A Quest for State Endangered/Federally Threatened Orchid Species

by Tina Myers 12. July 2013 05:59

My co-worker and fellow ecologist, Heather Patti, and I participated in a unique opportunity this past week when we assisted the WI Department of Natural Resources in a survey of the State Endangered/Federally Threatened Prairie White Fringed Orchid (Platanthera leucophaea).  This extremely rare plant is primarily found in moist, undisturbed, deep-soiled and/or calcareous prairies and is less commonly seen in tamarack fens.  Since these ecosystems are also quite rare, the survival of this beautiful wildflower is dependent upon the preservation and management of the few remaining areas that harbor them.  These unique ecosystems are under constant threat of invasive species such as glossy buckthorn (Rhamnus frangula) which can easily overtake a prairie in the absence of fire.  The WDNR’s Bureau of Endangered Resources, which was renamed the Bureau of Natural Heritage Conservation on July 1, tracks rare species and manages State Natural Areas to preserve the best remnants of our original landscapes and they depend on many volunteers to help them.
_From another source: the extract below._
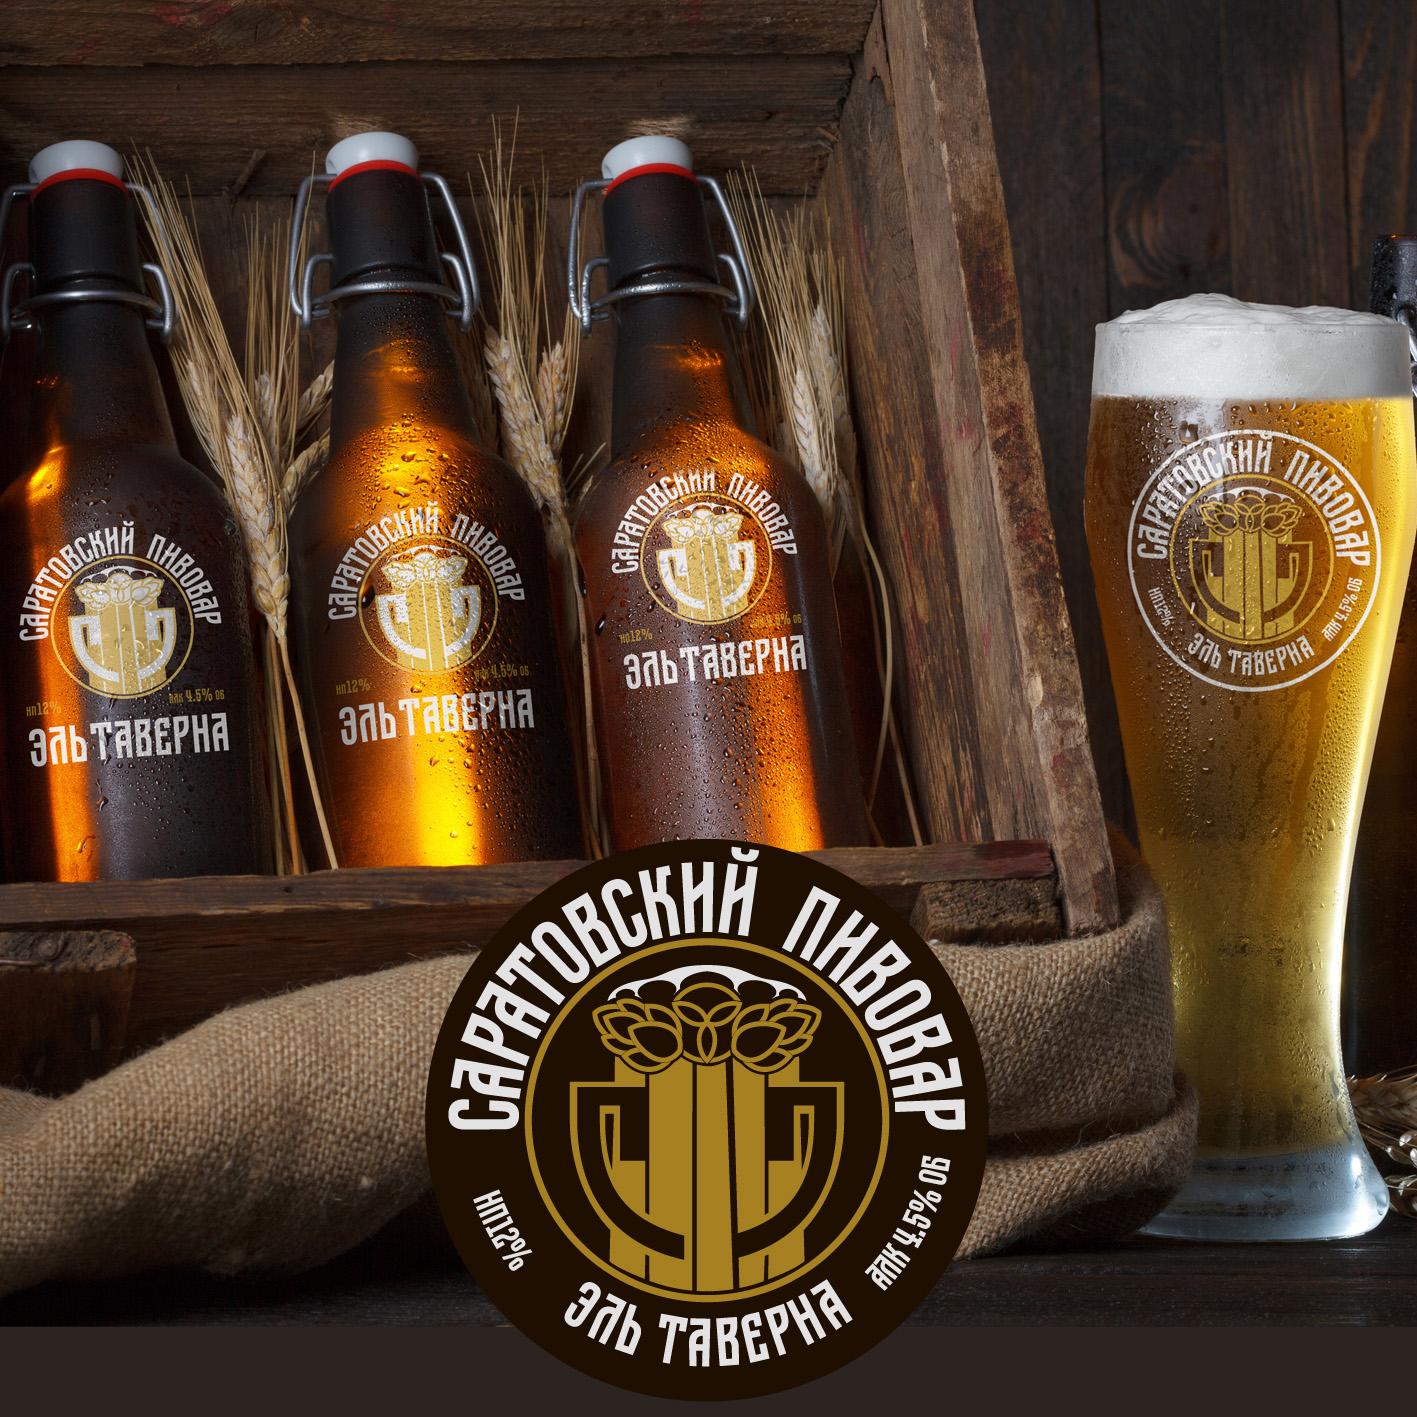 Разработка логотипа для частной пивоварни фото f_9385d7ffcf859f67.jpg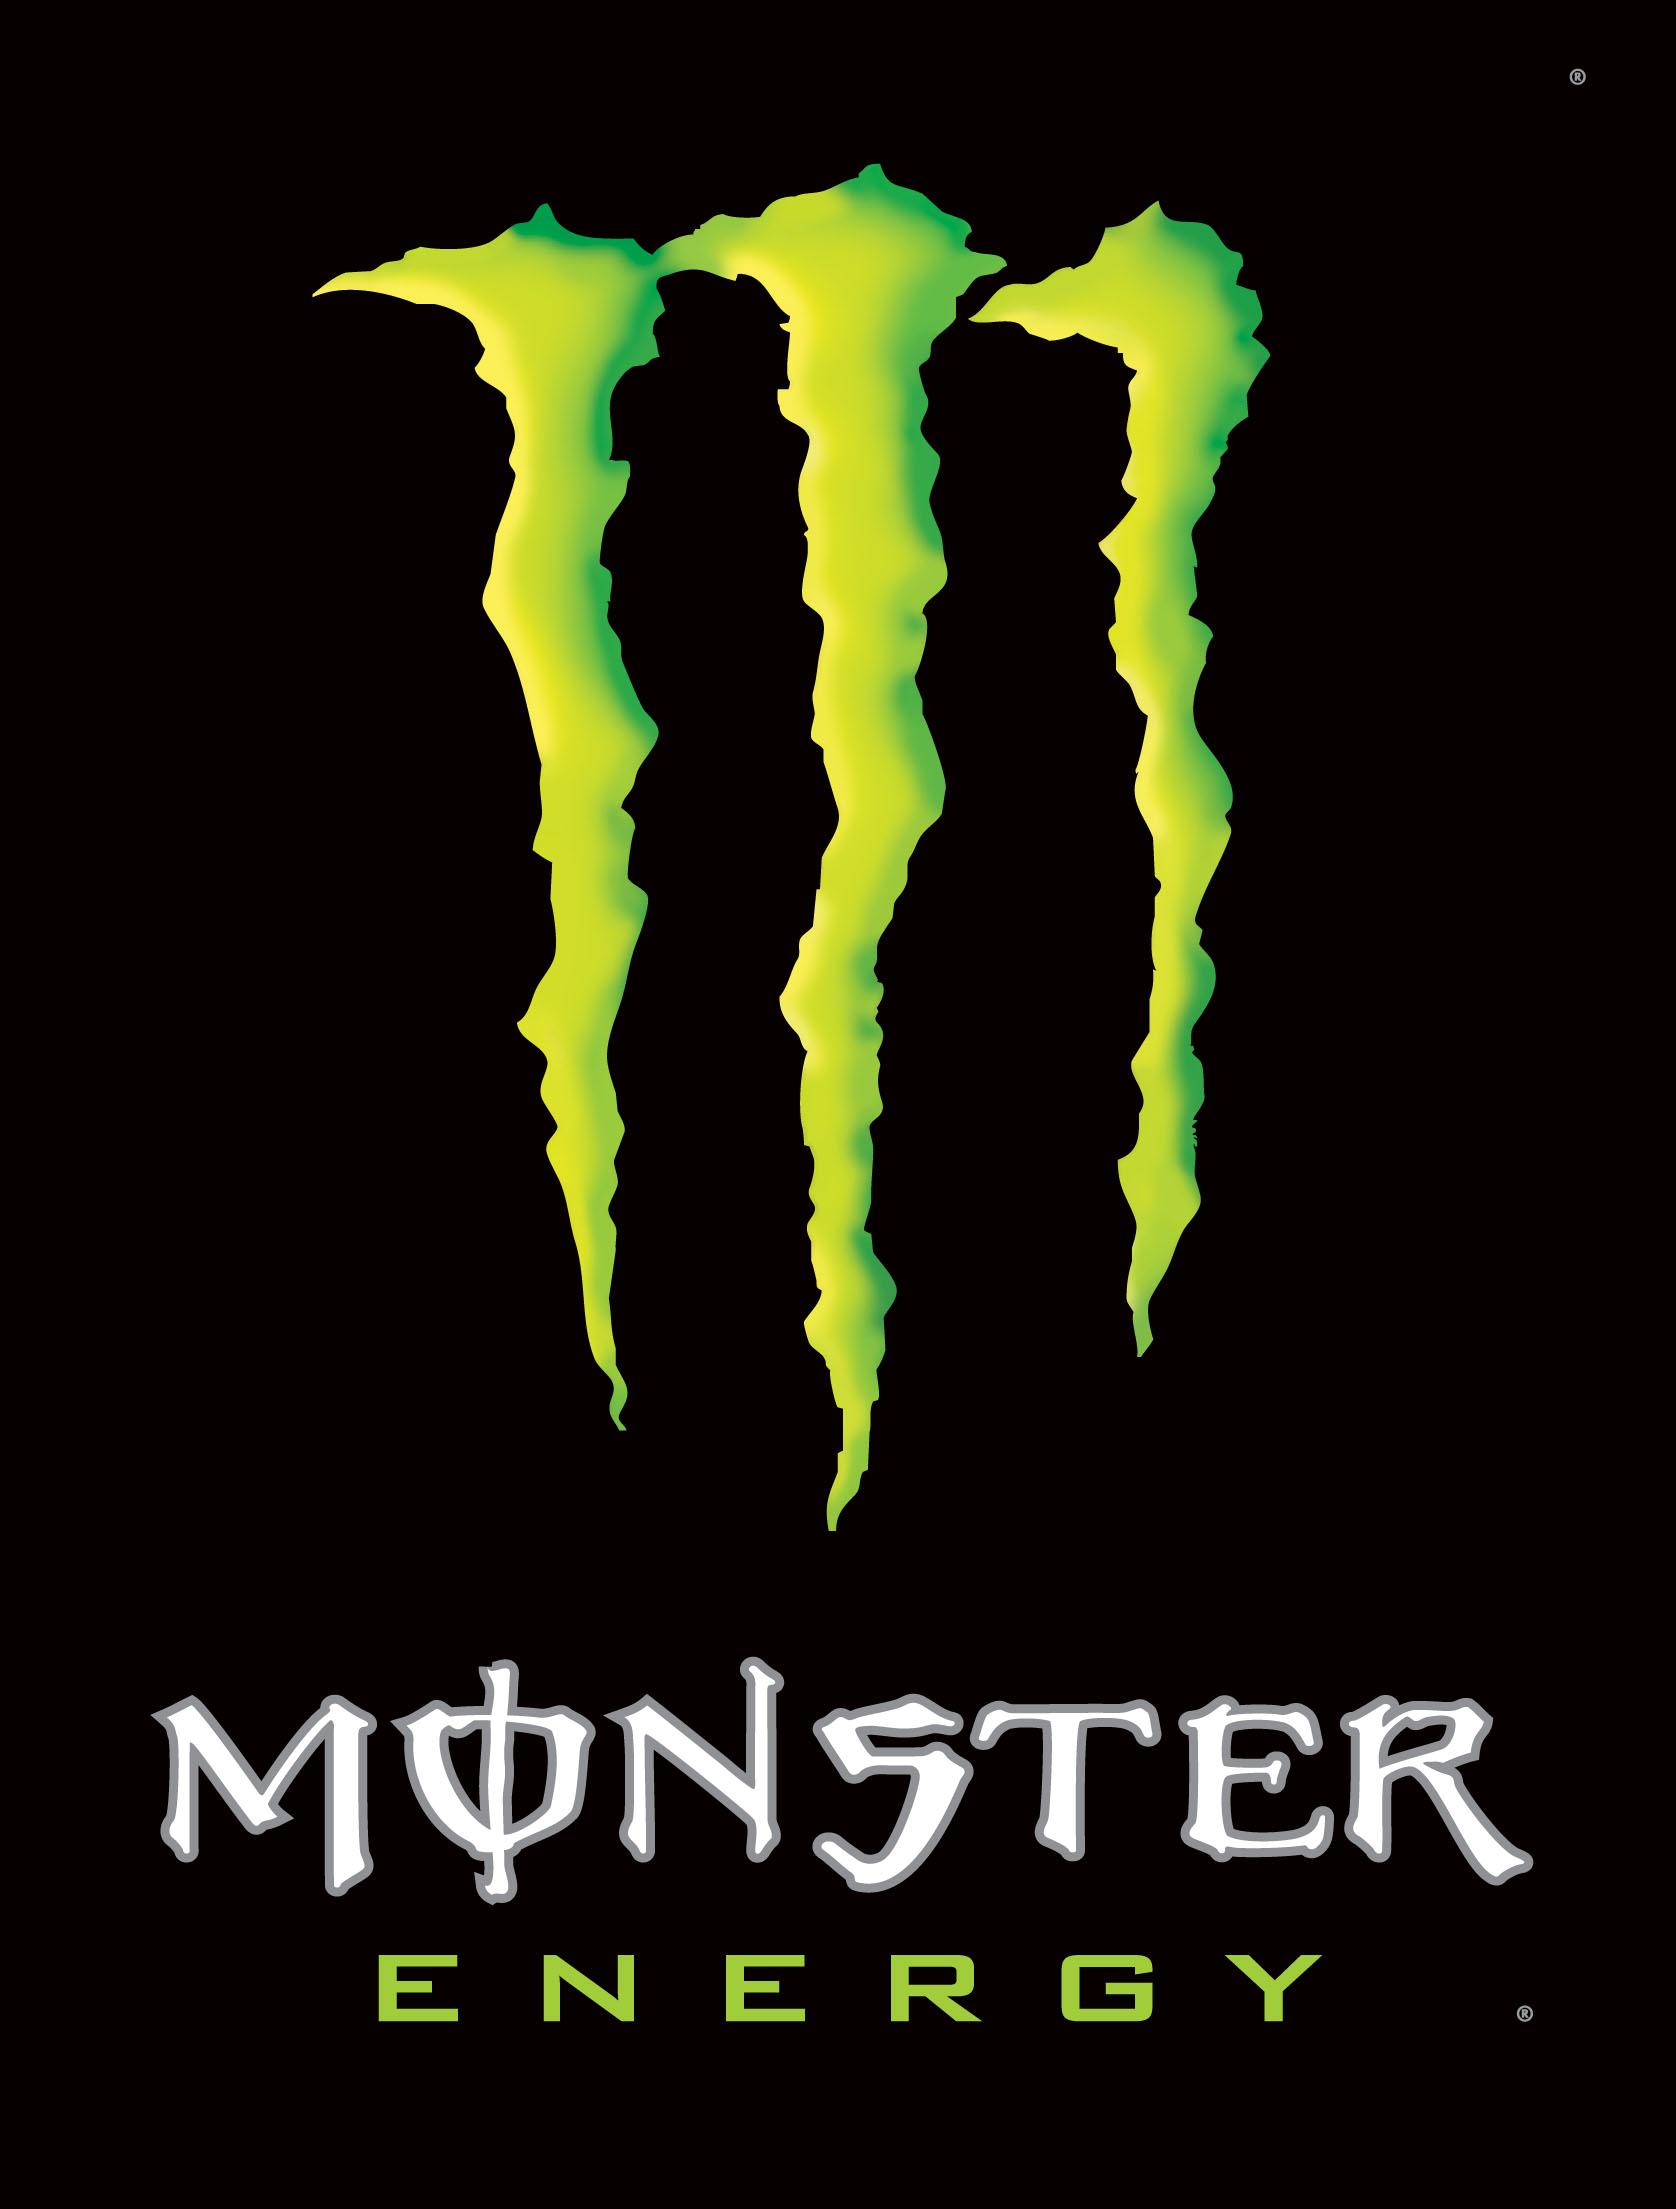 MonoStar Logo photo - 1

With approximately a dozen other volunteers, Heather and I meandered throughout a prairie in southeast Wisconsin in search of this rare beauty.  It was much like looking for a needle in a haystack!  By the end of the day, only a small number of orchids were found and their locations GPS’d.  I was thrilled to be able to personally find one lonely orchid during the last 10 minutes of a long day searching.  In addition to the rare orchid find, we also caught a glimpse of the State-Threatened Blanding’s turtle (Emydoidea blandingii), and several other rare plants such as smooth phlox (Phlox glaberrima), marsh blazing star (Liatris spicata), and ohio goldenrod (Solidago ohioensis), among others.